While names become a personal part of our identification, ironically, most of us had no choice in our name. At least for many in the contemporary United States, the family choose the name before the baby is even born, making the name more about their prior image than something about the baby itself. A few people change their name legally, and many decide what form of the name they prefer. (Please call me Steven; it really is not too much effort to add that second syllable.) Both situations require recognition from others, either a court or those with whom you interact. (In my experience, that second syllable is too much to ask of some people, sigh.)
Names for businesses and other commercial enterprises are trickier. You cannot simply call your burger joint McDonald’s or Burger King, so significant limits exist on your control over a business name. In the United States, the Patent and Trademark Office (PTO) must approve your name for you to receive a trademark. Beyond the issue of someone else registering the name already, the PTO can reject offensive and disparaging names. Several Native Americans have used this rule to convince the PTO to revoke (pending appeal) the trademark for the Washington Redskins because it is disparaging to Native Americans.
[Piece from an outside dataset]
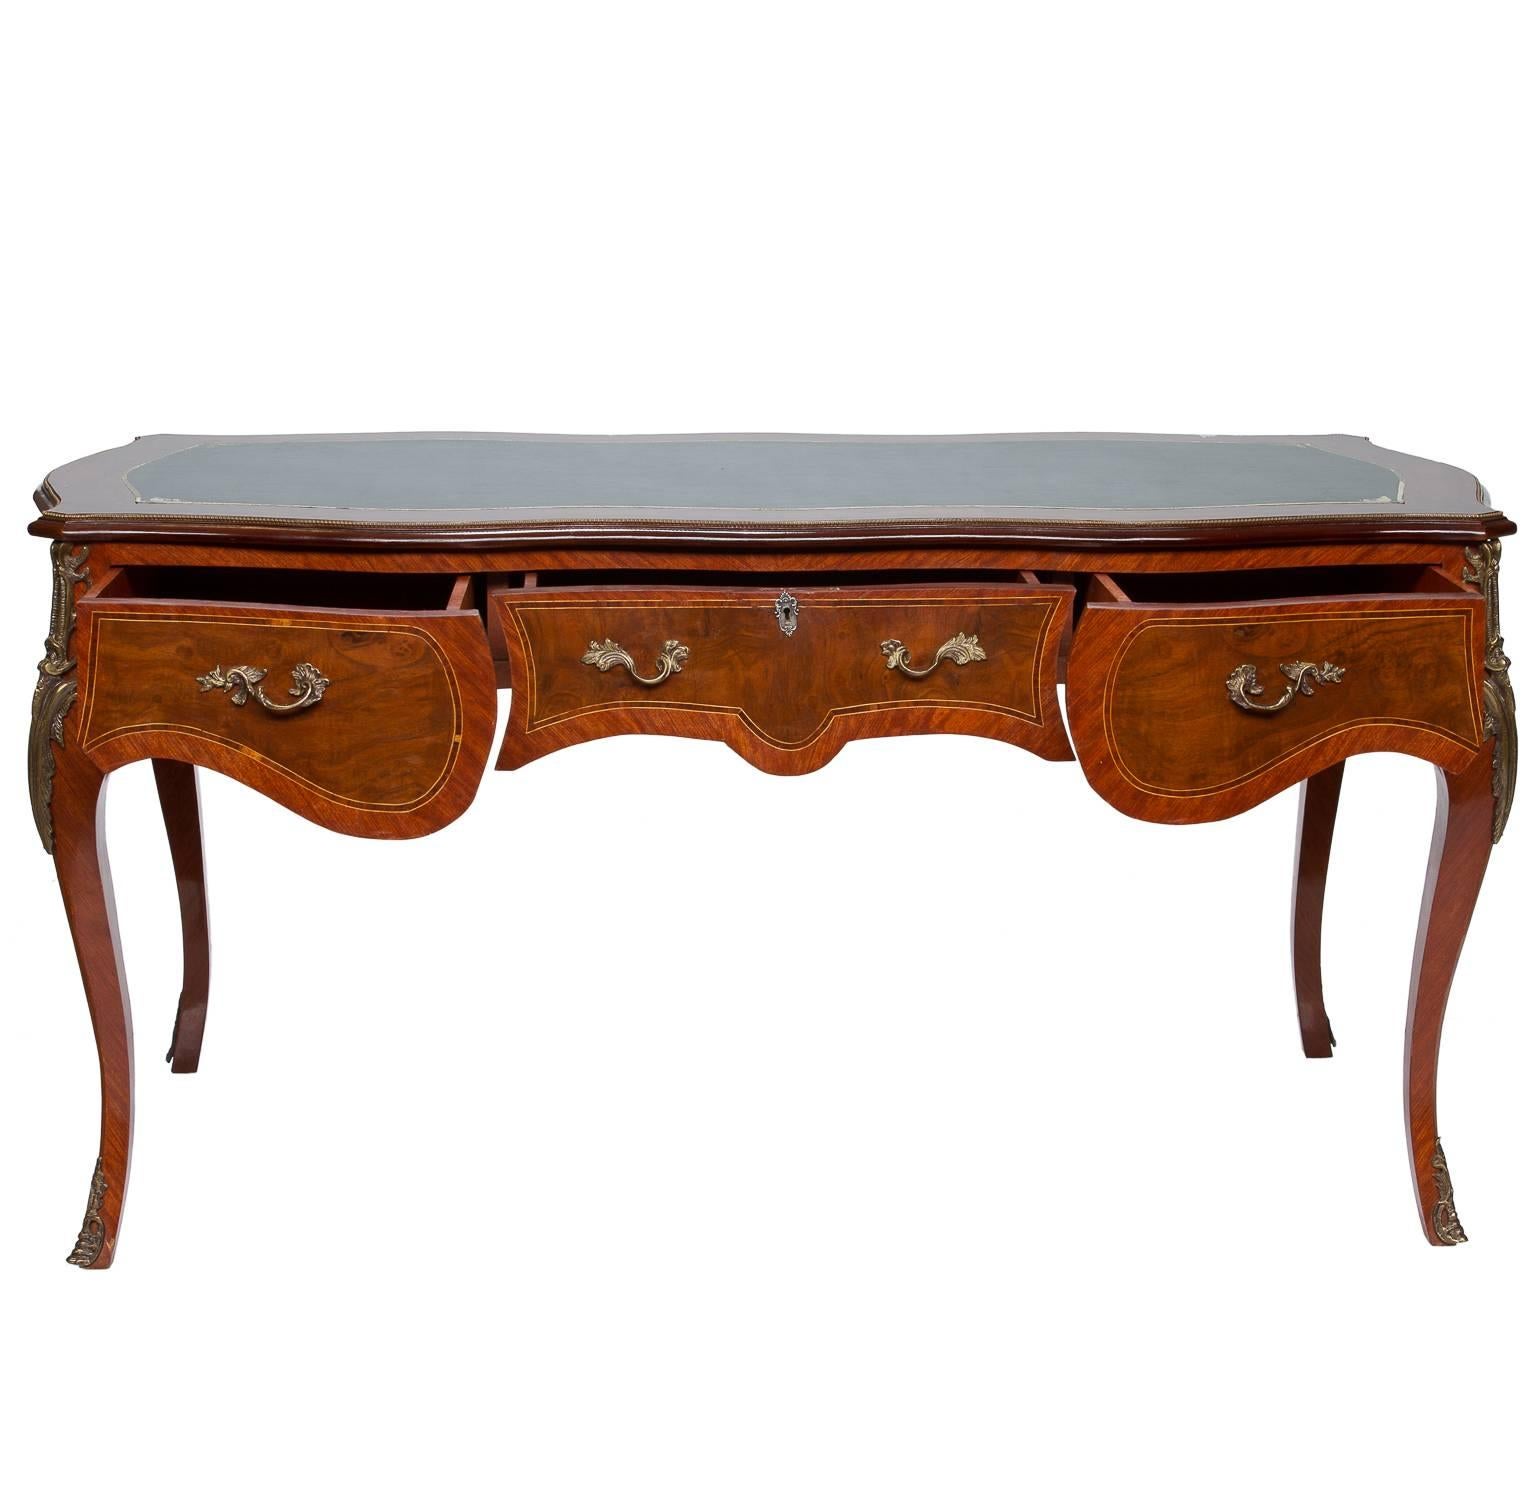 A Louis XV kingswood and burl walnut bureau plat from France. The four sides are shaped bombé style and inlaid to highlight the wood patterns. There is one fictional side with a set of three drawers. The drawers have nice ormolu Baroque handles.

The challenge becomes, like so many things, who defines if a name is offensive. Is the intention of the person or group attempting to register the name important, or is the way a group might interpret it (or more specifically how the PTO anticipates that someone would interpret it) decisive? An interesting case in point is the music group that identifies as Asian-American and wants to register their name as The Slants. They have described the name as an effort to reclaim that label, resignifying the slur in a positive manner that they, as the frequent object of the slur, control. The PTO has repeatedly ruled against their petition, even when they argued that the band name had nothing to do with being Asian American, because the PTO expects that the ethnicity of the band members would lead many to connect the band name to people of Asian heritage. Therefore, another band not identified as Asian American could presumably register the name, giving a non-ethnic rationale for it, that this band was denied because of their ethnicity.
So the irony of naming can be rich. Monica Miller wrote previously on this blog, when discussing a judge changing a baby’s name, that “meaning and human interests is/are often read into empty signs and signifiers of identity.” The crux of the matter here, as with most debates over signs and signifiers, is who has the power to determine what meaning and human interest should determine the ruling. A name like The Slants has no inherent meaning. In this case, the government agency (as a part of the Department of Commerce) emphasizes a derogatory meaning that some have read into the sign and, on that basis, denies a trademark to a group who, ironically, identify as victims of that derogatory reading of the name and want to challenge that derogatory meaning. Their website explains their experience,
It was like banging our head against the wall, trying to convince someone that we were not offensive to ourselves, that the community was in overwhelming support of our band.
But competing meanings add a further twist to this story. The Slants have won a court ruling allowing them to reapply for the name, using free speech and discrimination rationale. If their ability to receive a trademark, and their freedom to identify themselves as they wish, is restricted because of their ethnicity, a new reading of free speech may arise, which may have consequences in other trademark rulings. So, the emptiness of another sign becomes a tool to challenge the application of a particular meaning to another empty sign.